CJEU: In-game gold is not virtual currency

05/03/26

Today, the Court of Justice of the European Union (CJEU) delivered its judgment in Case C-472/24 (MB "Žaidimų valiuta"). The case addresses a question that is becoming increasingly relevant in the digital economy: how should VAT apply to transactions involving virtual currencies used in online video games? The CJEU answers that exchanging traditional currency for in-game gold does not qualify for the VAT exemption applicable to currency transactions, and in-game gold does not constitute a "voucher" either. As a result, the full consideration received for the sale of in-game gold is subject to VAT.

What this means for your organisation 

The ruling confirms that the VAT treatment of virtual currencies depends on their function. Currencies such as bitcoin, which serve as a means of payment outside a closed ecosystem, may qualify for a VAT exemption. Virtual currencies confined to a single game environment, by contrast, do not appear to meet the conditions for a VAT exemption, irrespective of the volume at which they are traded.

For businesses active in the gaming industry or in digital asset trading, it is important to carefully assess the VAT treatment of virtual items and currencies.

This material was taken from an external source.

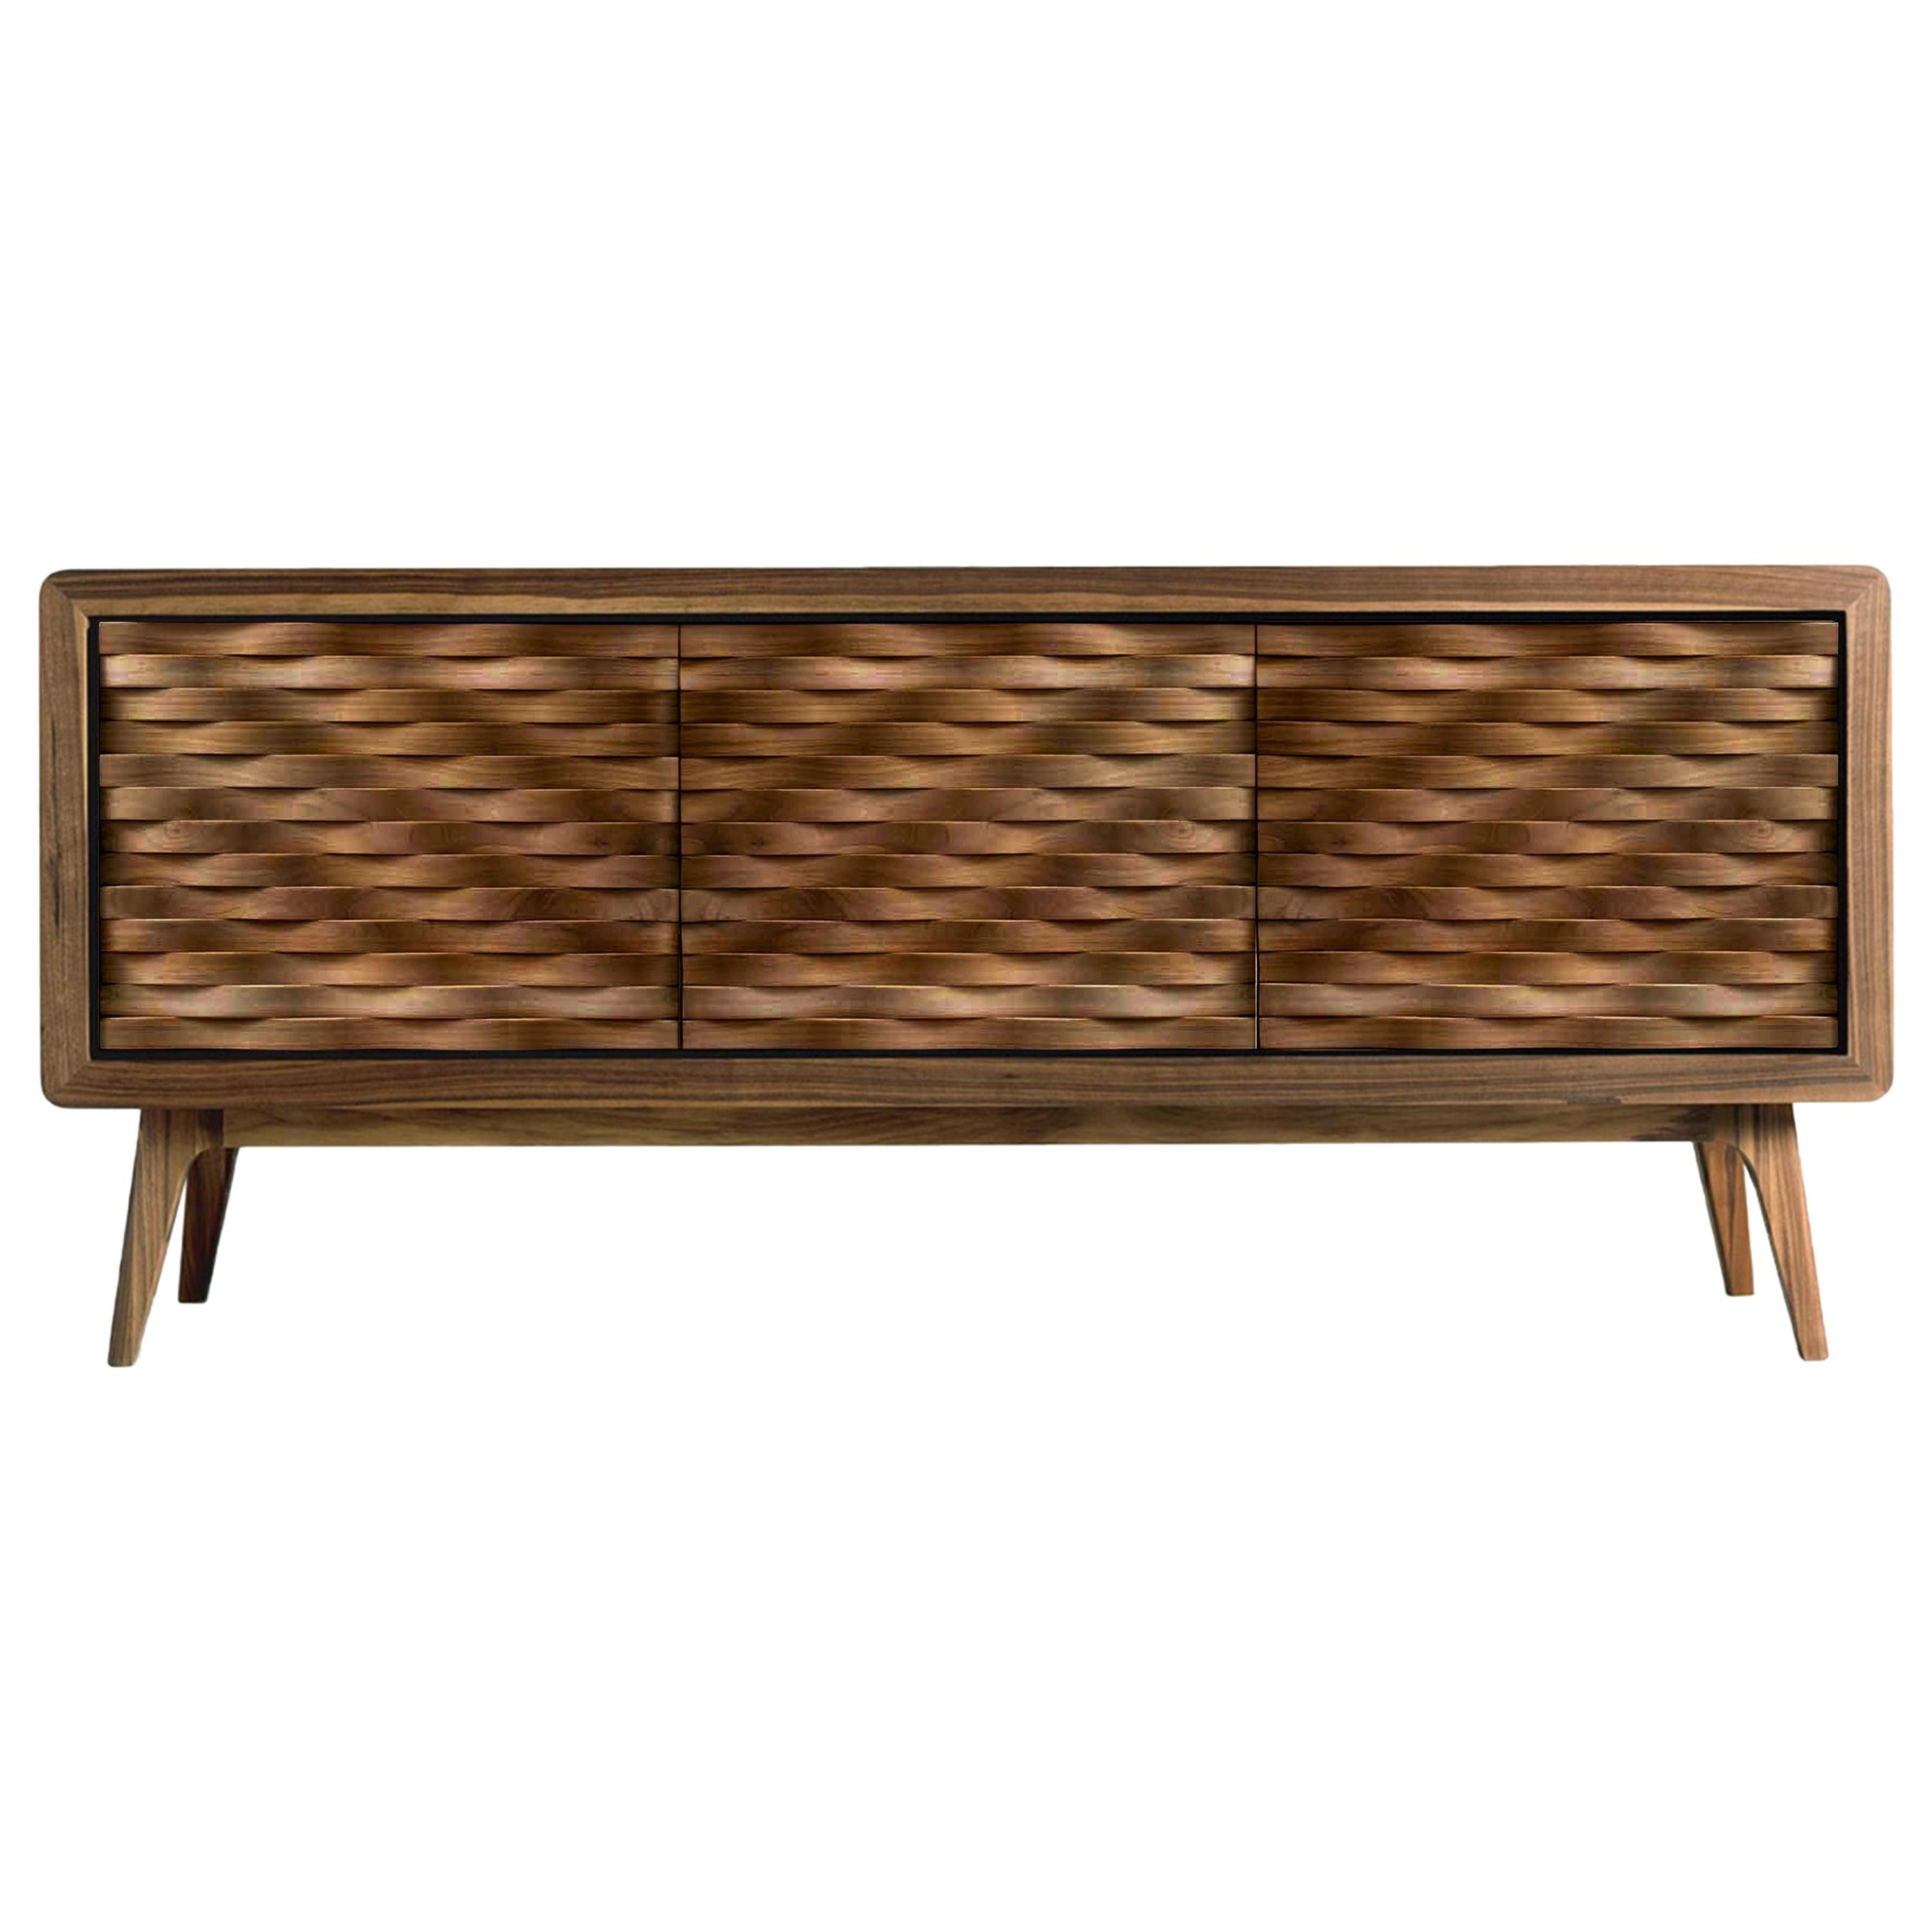 Artes Nastro Solid Wood Sideboard, Walnut Natural Finish, Contemporary

The classification of these items, as electronic services, virtual currencies, or vouchers, directly determines your VAT obligations.

Background

The case concerns a Lithuanian company, MB "Žaidimų valiuta", whose main business activity consists of buying and reselling virtual gold used in the online video game Runescape in exchange for traditional currencies. During a tax audit covering the period 2020–2023, the Lithuanian tax inspector found that the company had neither declared nor paid VAT on these transactions. The company was ordered to pay VAT on the transactions.

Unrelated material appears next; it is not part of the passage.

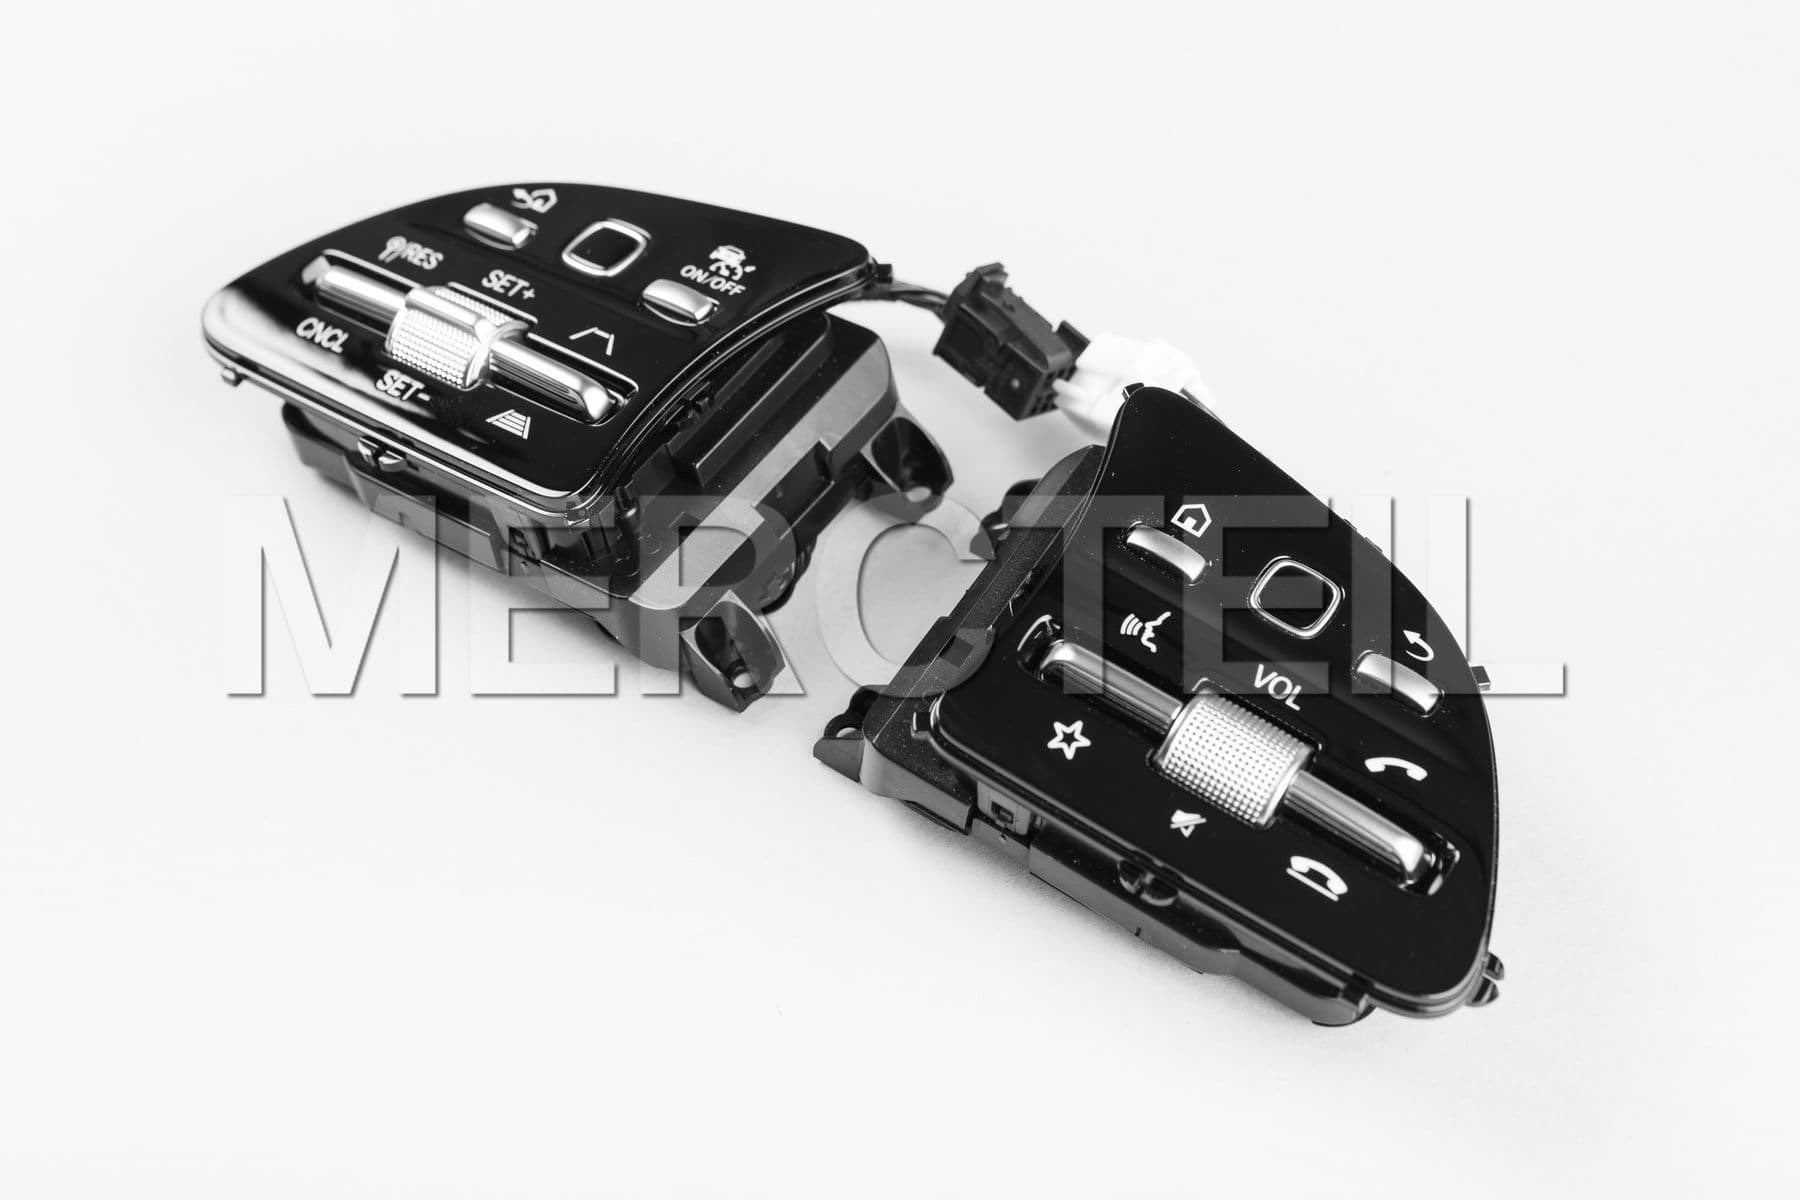 Buy the spare part Mercedes-Benz A09990589069J32 switch panel with

Žaidimų valiuta challenged this decision, arguing that in-game gold should be treated as a virtual currency, similar to bitcoin, and that its sale should therefore be exempt from VAT under art. 135(1)(e) EU VAT Directive, in line with the CJEU's earlier ruling in Hedqvist (C-264/14). In the alternative, the company argued that in-game gold qualifies as a "multi-purpose voucher", meaning that only the margin (the difference between purchase and sale price) should be subject to VAT. The Lithuanian Commission for Tax Disputes referred two preliminary questions to the CJEU.

CJEU Judgment

In-game gold is not a virtual currency exempt from VAT

The CJEU recalled that the VAT exemption for currency transactions can cover non-traditional currencies, but only where two cumulative conditions are met: (1) the currencies have been accepted by the parties as an alternative means of payment to legal tender, and (2) the currencies have no purpose other than that of a means of payment. 

The CJEU found that in-game gold does not meet these conditions. The gold can only be used within the online video game and does not constitute a currency accepted outside of the game as a means of payment for real goods or services. Moreover, the terms of use of Runescape provide that game-related products, including in-game gold, do not belong to the players. Consequently, the purchase and sale of in-game gold cannot be VAT exempt. 

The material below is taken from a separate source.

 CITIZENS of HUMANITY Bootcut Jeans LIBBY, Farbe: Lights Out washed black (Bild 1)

In-game gold is not a voucher

The CJEU then examined whether in-game gold could qualify as a "multi-purpose voucher". There are two cumulative conditions for an instrument to be classified as a voucher: it must carry an obligation to accept it as full or partial consideration for a supply of goods or services, and the goods or services (or the identity of the potential suppliers) must be indicated on the instrument or in the corresponding documentation.

The CJEU concluded that, even if the second condition were met, in-game gold does not satisfy the first condition. As Advocate General Kokott pointed out, in-game gold is itself an element of an online game and constitutes an electronic service forming an integral part of that game. The gold is the consumable benefit itself, the service received and used by the player within the game, rather than an instrument that gives access to a separate, subsequent consumable benefit, as a voucher would. Therefore, in-game gold cannot be classified as a voucher, nor as a multi-purpose voucher. 

VAT applies to the full sale price

Since in-game gold must be classified as an electronic service, the taxable amount for VAT purposes is the full consideration received for its sale. In the AG opinion, it was suggested that the margin scheme could apply to resales of digital products on secondary markets. However, the CJEU did not address this point.